FAQ: How to build an Arctic chatbot

1. What is Arctic?

Arctic is a family of enterprise-grade open-source LLM foundation and embed models built by Snowflake that was released on April 25, 2024. For a deep dive on Arctic, check out the blog from Snowflake AI Research.

2. Using Arctic

Arctic is available in 2 variants on the HuggingFace platform:

  1. Snowflake/snowflake-arctic-embed

    Arctic Embed is best used for retrieval operations, such as RAG, and outputs similarity scores. The smallest Embed models (xs and s) are able to run on your laptop, and you can use regular GPUs for snowflake-arctic-embed-l and up.
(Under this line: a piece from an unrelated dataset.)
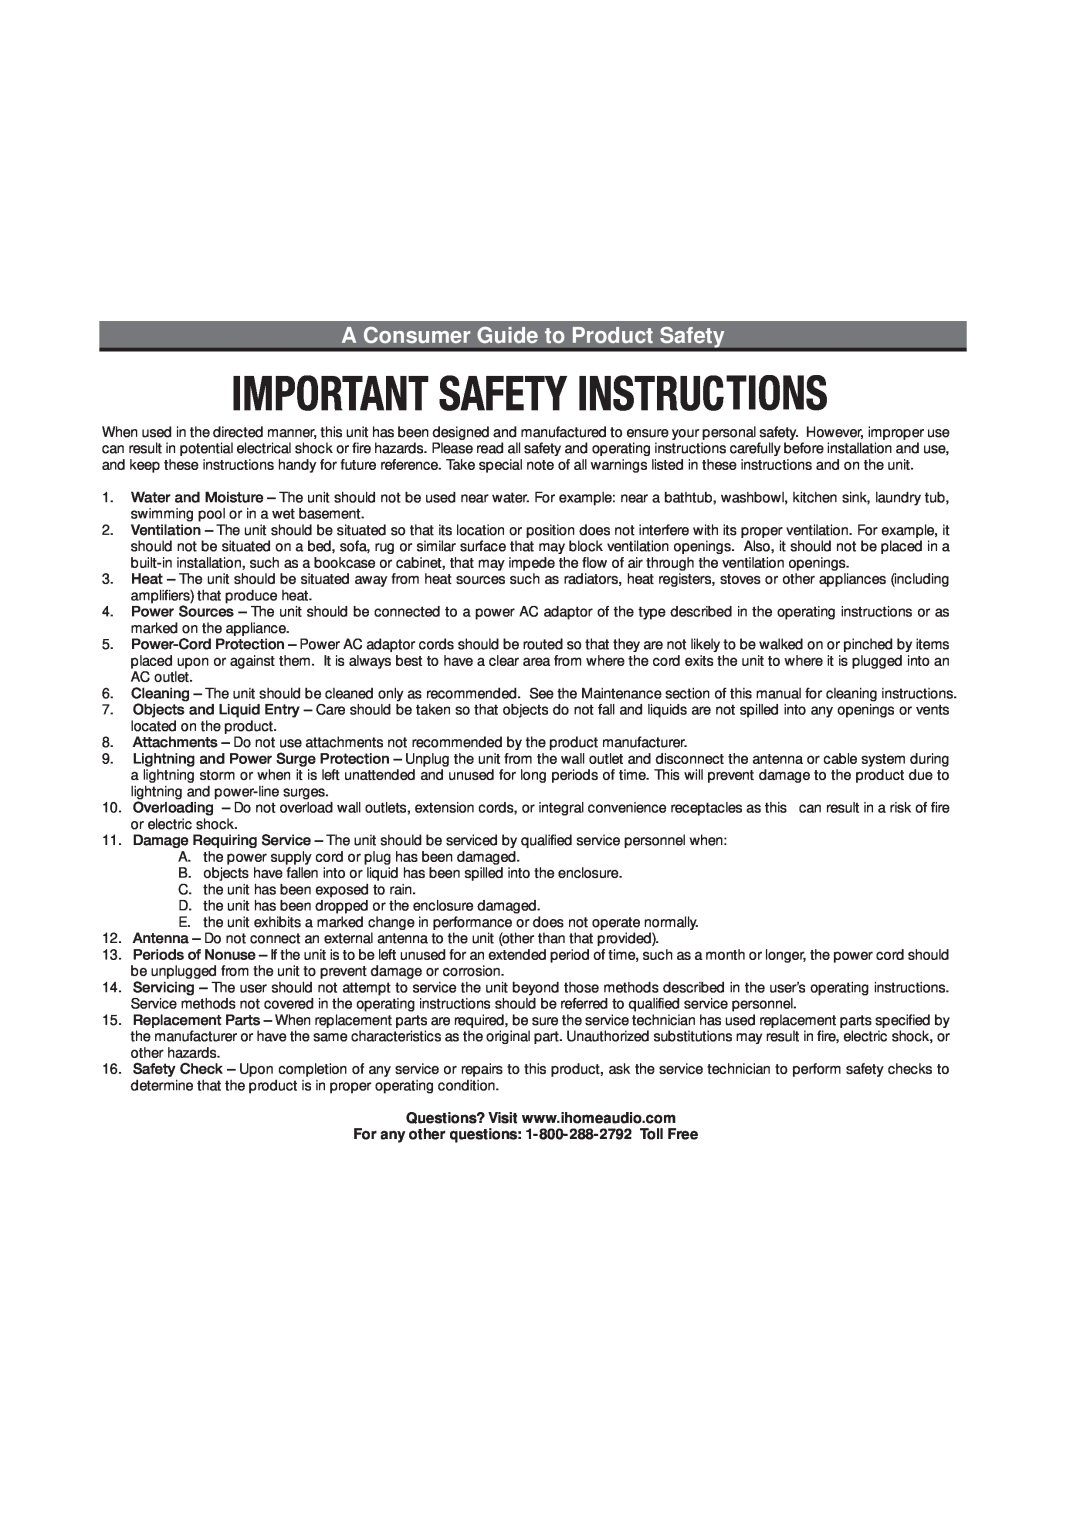 iHome iP99 manual A Consumer Guide to Product Safety

  2. Snowflake/snowflake-arctic-instruct

    Arctic Instruct is a 480B parameter foundation LLM. Owing to the rather large model size, the Instruct model series require the use of specialized and dedicated hardware, such as H100 GPUs. To access Arctic Instruct, please see this Guide for Snowflake Cortex or Section #3 below for how to access Arctic Instruct via Replicate.

3. Access Arctic Instruct via the Replicate API

You can access Arctic Instruct via robust cloud servers such as the one hosted on Replicate or Snowflake Cortex. The advantage of this is that there are no servers to set up and maintain, you don’t need your own dedicated (and expensive hardware), and you only pay for what you use.

Arctic is available for free for a limited time on Snowflake Cortex (until end of May), and if you register for the Arctic and Streamlit Hackathon you can also get a $50 credit to use the Replicate API for your project.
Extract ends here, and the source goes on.